If you must get rid of them. Beaver Dam's way sounds like fun. Makes me think of the days when I use to steal my dad's can of Consort hair spray and his cig lighter. Killed many of ants that way.


----------



## Bizzybee (Jan 29, 2006)

There are a lot of different wasps. Most being hunters and scavengers that rid us of more bothersome insects. They are pretty interesting if people will take the time to watch them a bit. I by no means intend to try to keep them and they are going to loose when the two of us begin competing for the same space. But I don't advocate killing for the sake of killing. They along with every other creature have their purpose, whether it's realized or not.


----------



## woodmac (Oct 16, 2008)

Have never tried the soapy water spray; might try that on a paper wasp nest that I might get my head too close to. For yellowjackets and other ground dwelling wasps, kerosine sprayed from a garden sprayer kills them on inhalation...without lighting a match to anything. A judicious poke in the nest area with a long stick the next day will tell you whether you need to repeat. Usually one treatment is sufficient.


----------



## Paraplegic Racehorse (Jan 25, 2007)

Haven't tried the soapy water trick. I usually wait until after dark and pour a couple cups of pure bleach on the nest. Seems to do the trick.


----------



## dsquared (Mar 6, 2006)

*Flammable Liquids*

I went to a few house fires where people tried to burn wasp nests in my previous life. You've got a bee suit-- put it on and just tear down the nests and squash them if you must. I leave them alone, unless they build next to a door or heavily traveled area.


----------



## Nabber86 (Apr 15, 2009)

Take a wire cloths hanger and straighten it out so you have a straight piece of heavy wire. Wrap one end of the of the wire a couple of turns around the barrel of a Super Soaker water gun. Leave the free end of the wire sticking straight out from the nozzle of the Super Soaker and attach a cotton ball to the end.

Fill Super Soaker with kerosene and apply a light douse to the cotton ball as well. Light cotton ball afire. 

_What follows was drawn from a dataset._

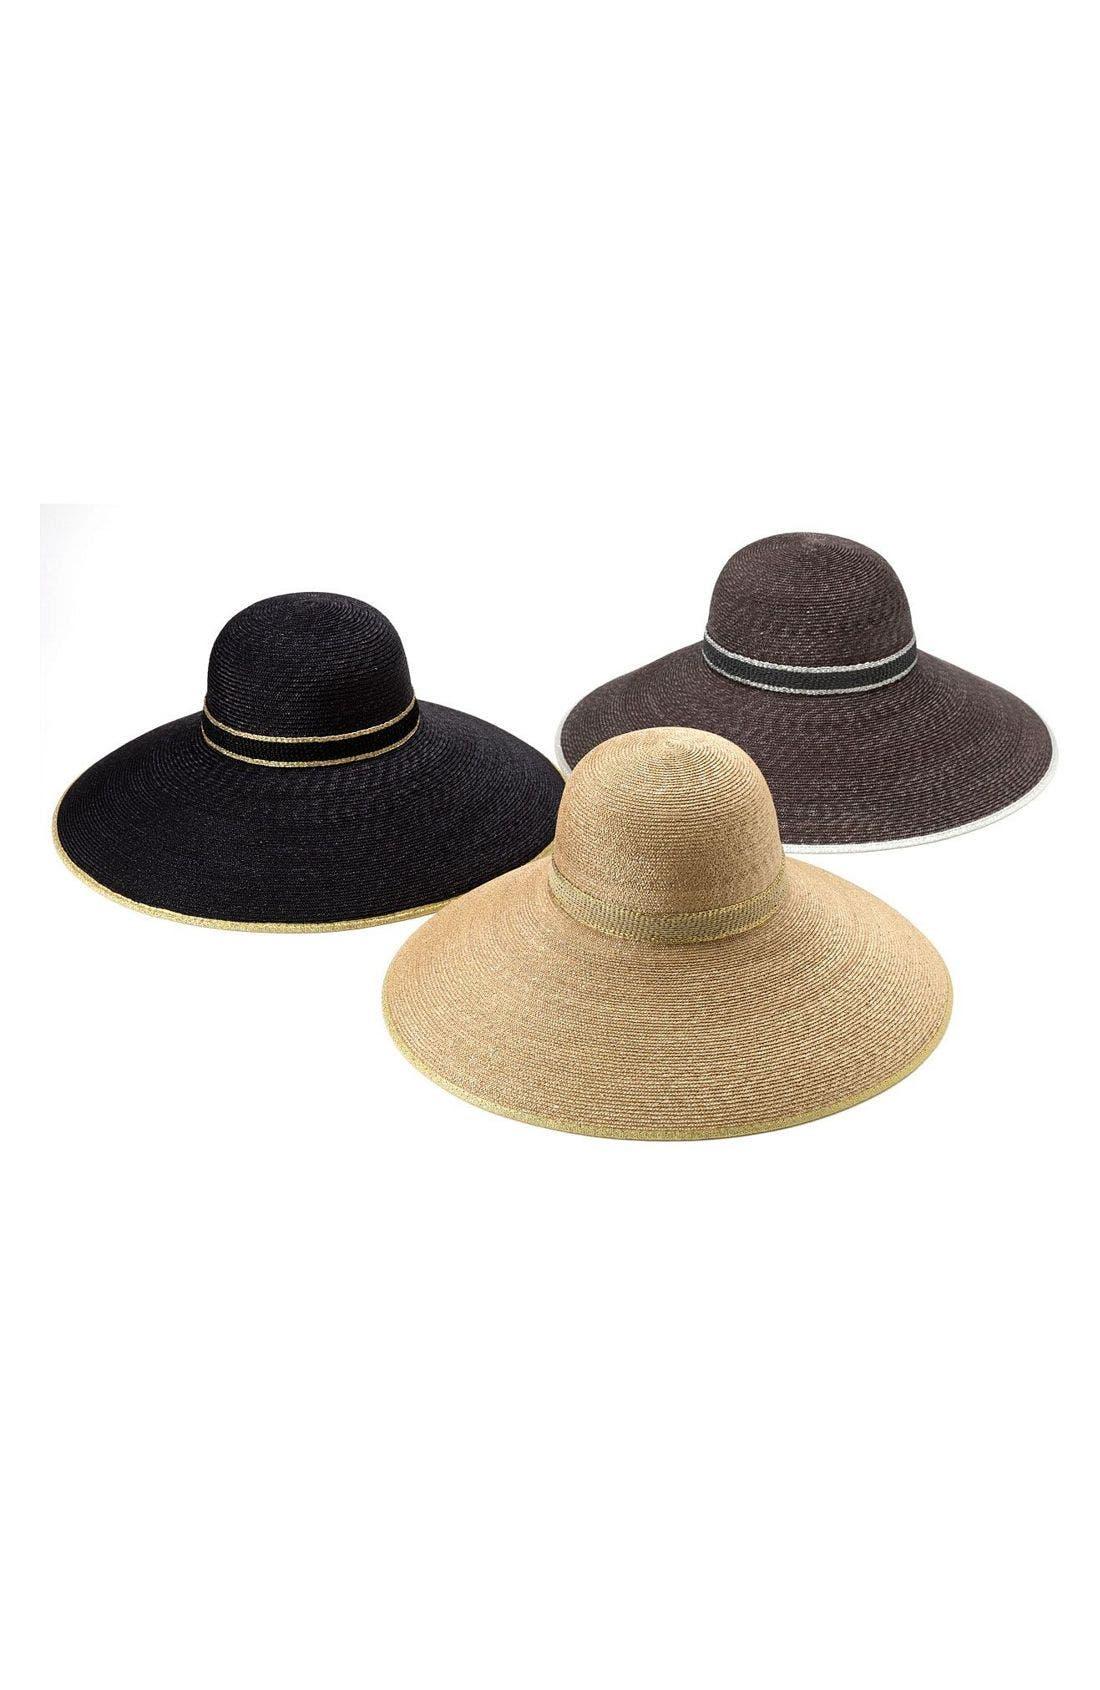 Alternate Image 2  - Nordstrom 'Drama' Metallic Trim Straw Hat

Voila - instant flame thrower.


----------



## sqkcrk (Dec 10, 2005)

Were I you, or maybe it's, if you were me, I'd leave them alone. They are beneficial. I have wasps that build their nests on the underside of my front porch, every year, right above the main entrance to our house. Sometimes 4 or 5 of them. No one has ever been stung by them. Learn to get along w/ nature.


----------



## sqkcrk (Dec 10, 2005)

EastSideBuzz said:


> Do wasps have a purpose in the world?


Everything does, even if we don't recognize it.


----------



## Countryboy (Feb 15, 2009)

They all return to the nest at night. Go out after dark and use a can of hairspray on them. It holds your hair, and it holds them. Then knock down the nest.

Hairspray works great on spiders too. As kids, my sister used to take great joy in spraying hairspray on big wolf spiders that wandered into the house. She hated those spiders, but loved seeing them struggling to move once the hairspray set.


----------



## sqkcrk (Dec 10, 2005)

Wow, does she pull wings off of flys too? Kids will be kids, I guess.


----------